How do I convert an HTML page into XML? My initial thought is to convert the page to xslt but I'm not sure how to do this. Please provide any source code examples if you have them.
Thanks,
Mike
--
mcp, mcse, mcsd, mcad.net, mcsd.net 9 13652
"MLibby" <ml****@nospam.nospam> wrote in message news:90**********************************@microsof t.com... How do I convert an HTML page into XML?
There are many remarkable differences between HTML and XML, including
HTML is not required to be well-formed (having balanced begin and end tags),
and HTML is case-insensitive.
Your conversion must correct for these shortcomings (and several others)

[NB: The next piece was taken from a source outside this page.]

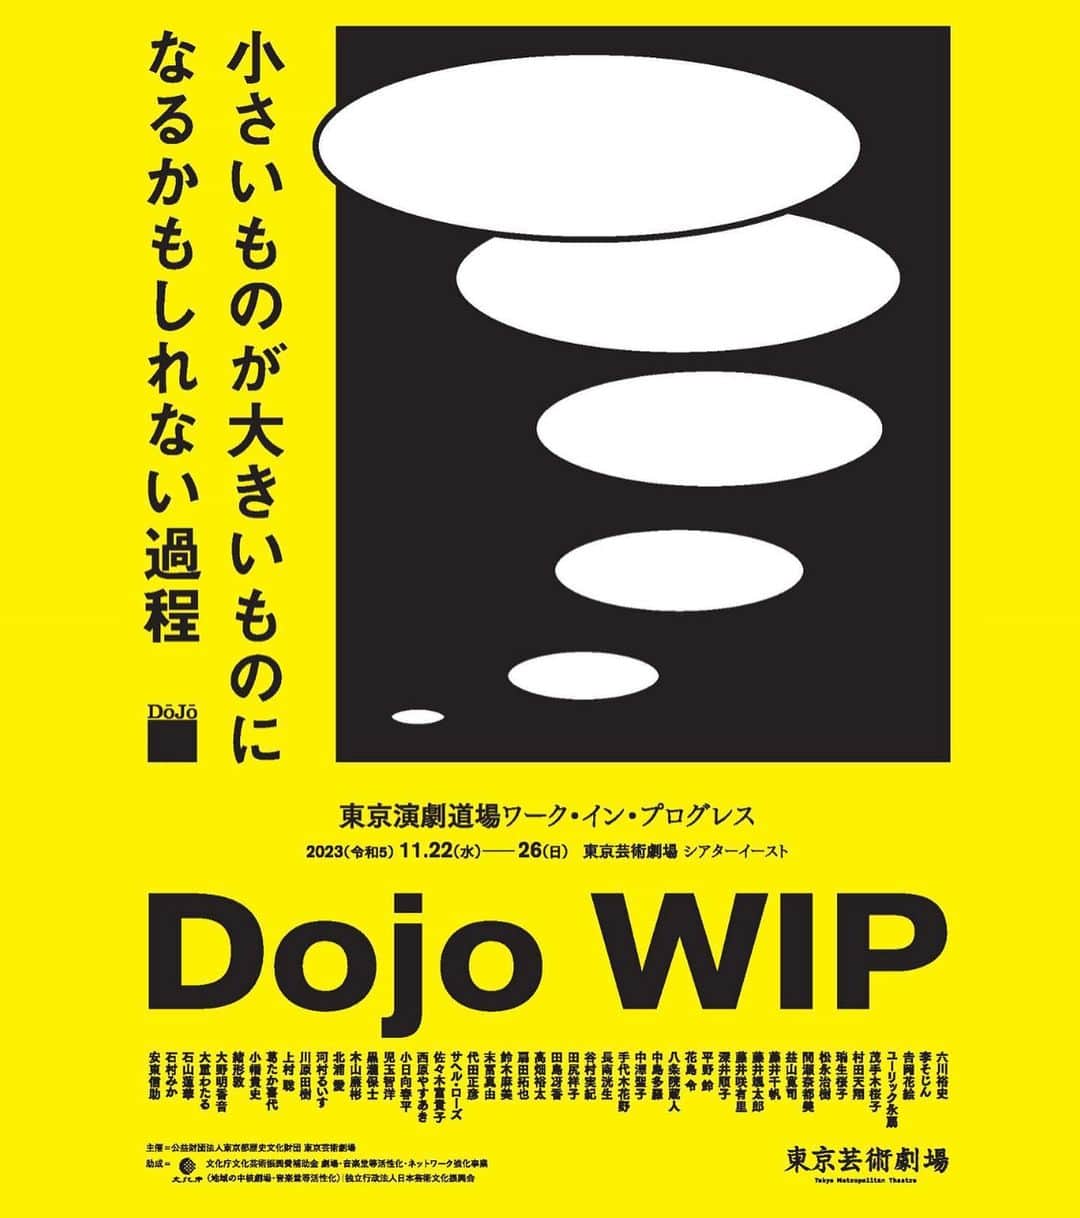 高畑裕太さんのインスタグラム写真 - (高畑裕太Instagram)「【作・演出・出演情報】  この度、所属している 東京演劇道場の企画公演  『ワーク・イン・プログレス Dojo WIP』 日程：11/22(水)~26(日) 会場：東京芸術劇場シアターイースト  に参加する事になりました。  当公演は8つのプログラムで構成されています。 私が参加作品するのは、 大野明香音・高畑裕太企画の 『アイとトキオ（仮）』です。  また先日、上演台本が完成して 正式タイトルが 『忘郷少女』 となりました。  今回の『ワーク・イン・プログレス Dojo WIP』は、 東京芸術劇場の芸術監督・野田秀樹氏が、 「次世代の役者・芝居人のための修行の場」 として立ち上げた「東京演劇道場」というチームによる試作発表の場です。 道場には、NODA・MAPの公演などでも 活躍する俳優や、ダンサーや、 他にもありとあらゆる表現活動を行なっている、 個性と確かな実力に溢れた面々が揃っています。 それぞれが数年に一度開催されるオーディションを経て、参加しました。  在籍メンバーは約100名前後で、今回の公演には48名が参加しています。 私は「二期生」として、道場に加入しており、 今回の公演は同じ二期生である大野明香音さんから、 「野田さんの戯曲の言葉を扱いたい」という想いの下、 公演への誘いを受けて参加を決めました。  私たちの企画では、 当公演で唯一のオリジナル戯曲を上演します。 全体の尺感を鑑みて、 また「野田さんの言葉を扱う」という事を 実践するにあたってどの様な形が最適かを、 大野さんや、参加メンバーの松永さんと話し合った末に、数ある野田さんの戯曲の中から一節を切り取って、 それを元に創作した短編作品を上演するという結論に至りました。  膨大な量の戯曲と資料を閲覧して、東京芸術劇場もとい当公演の制作スタッフの皆様、そして野田さんご自身とも相談の機会を設けさせて頂いた上で、出来た作品です。 多くの解釈がある「言葉」を、 実際に物語に組み込んで、 役者が発語する事によって、 舞台上にいる私たち自身が 等身大で感じた情景を大切にしています。  俺個人としては、 かなり長い時間をかけて執筆した作品でした。 尺は15分。たかが15分。されど15分。 この時間内で野田さんの言葉を、 俺自身が感じた物語に組み込んで、 バランス良く完成させるかが本当に難しかった。 書いて、消して、また書いて、消して、 結局何も書けてなくて、 出来上がったのは4703文字のお話。 メモにはおよそ20000文字程度の、 組み込めなかった言葉が羅列しています。 誰かの言葉と文字に込められた想い。 演じている役者自身が見えた景色と、 自分自身の言葉をひたすら「選ぶ」作業でした。 難産of the 難産 feat難産。って感じでした。 ただ大切に作り上げています。 現在を稽古を進めている中で、 常に大きく移り変わっていて、 正にワーク・イン・プログレスの醍醐味を、 とても強く感じる日々です。  出演者の中には、 複数の企画に参加している方もいますが、 僕はこちらの作品のみです。 全体2時間余りある中で、 短い時間ではありますが、 とても集中して作りました。  忘れた故郷で会った鬼の少女の話。 幼い頃にいつか見た、 遠くの海の果てに浮かぶ、 生まれた島の原風景に想いを馳せた、 とある男の子の追憶の時間を描きました。 観た方にとって、 思い出の片隅にある懐かしい記憶や、 いつの日か誰かと交わした「言葉」や、 「原風景」を思い起こせる様な作品になれるのではないかと強く実感しています。  「トラ」の次は、 「鬼」が舞台上に出現します。 渾身の15分を是非観に来て下さい。  東京演劇道場ワーク・イン・プログレス  Dojo WIP参加作品 『忘郷少女』 作・演出：高畑裕太  【出演】 大野明香音 松永治樹 高畑裕太  【あらすじ】 長崎本土から橋を渡った先にとある島がある。昔は、捕鯨、炭鉱、製塩などで栄えていて、「鬼」が棲むという言い伝えもあったが、今は誰もいない島。そんな故郷を訪ねにきたハルキは、かつての原風景に想いを馳せて、幼い頃に共に遊んだ、鬼の子の姿を思い起こそうとしていた。  【チケット取扱】 ［東京芸術劇場ボックスオフィス］ または［チケットぴあ］にて販売。  ボックスオフィスでのご購入は当公演HPから、 ぴあでのご購入を希望の方は、 下記リンクをご確認下さい。  ⚫︎公演HP https://www.geigeki.jp/performance/theater353/  ⚫︎チケットぴあ https://t.pia.jp/pia/search_all.do?kw=%E6%9D%B1%E4%BA%AC%E8%8A%B8%E8%A1%93%E5%8A%87%E5%A0%B4&page=1&searchMode=1&mode=3  #東京芸術劇場 #シアターイースト #東京演劇道場 #野田秀樹 #DojoWIP #ワークインプログレス #忘郷少女 #高畑裕太 #大野明香音 #松永治樹」11月6日 15時31分 - yutatakahata_work

in the HTML before an XML processor will accept it. For guidance, look at
XHTML, which is HTML as an XML vocabulary (XHTML has extra features
which need not concern you, but understanding the differences between
HTML and XHTML will probably help you do your conversion).
For complete details on the differences between XHTML and HTML, see
Section 4 of the XHTML 1.0 Specification at the following URL, http://www.w3.org/TR/xhtml1/#diffs
Derek Harmon
Hi Derek,
I read the article you referenced and xhtml looks like what I'm looking for but I still need some help putting all the pieces together...
Once my document conforms to XHTML standards how do I read it into an xml document? For example, XmlTextReader xmlReader = new XmlTextReader(htmlfile);
If this is true then does XmlTextReader know how to read the file based on the DOCTYPE declaration in the document prior to the root element?
The article you posted recommended 3 DOCTYPES. What is the most common DOCTYPE for simple HTMLs?
Thank you for your help,
Mike
--
mcp, mcse, mcsd, mcad.net, mcsd.net
"Derek Harmon" wrote: "MLibby" <ml****@nospam.nospam> wrote in message news:90**********************************@microsof t.com... How do I convert an HTML page into XML?
There are many remarkable differences between HTML and XML, including HTML is not required to be well-formed (having balanced begin and end tags), and HTML is case-insensitive.
Your conversion must correct for these shortcomings (and several others) in the HTML before an XML processor will accept it. For guidance, look at XHTML, which is HTML as an XML vocabulary (XHTML has extra features which need not concern you, but understanding the differences between HTML and XHTML will probably help you do your conversion).
For complete details on the differences between XHTML and HTML, see Section 4 of the XHTML 1.0 Specification at the following URL,
http://www.w3.org/TR/xhtml1/#diffs
Derek Harmon
>Your conversion must correct for these shortcomings (and several others) in the HTML before an XML processor will accept it. For guidance, look at XHTML, which is HTML as an XML vocabulary (XHTML has extra features which need not concern you, but understanding the differences between HTML and XHTML will probably help you do your conversion).
And for that, you could use something like HTML Tidy, which offers
these kind of conversions right out of the box! http://www.w3.org/People/Raggett/tidy/ http://tidy.sourceforge.net/ http://users.rcn.com/creitzel/tidy.html#dotnet
Marc
================================================== ==============
Marc Scheuner May The Source Be With You!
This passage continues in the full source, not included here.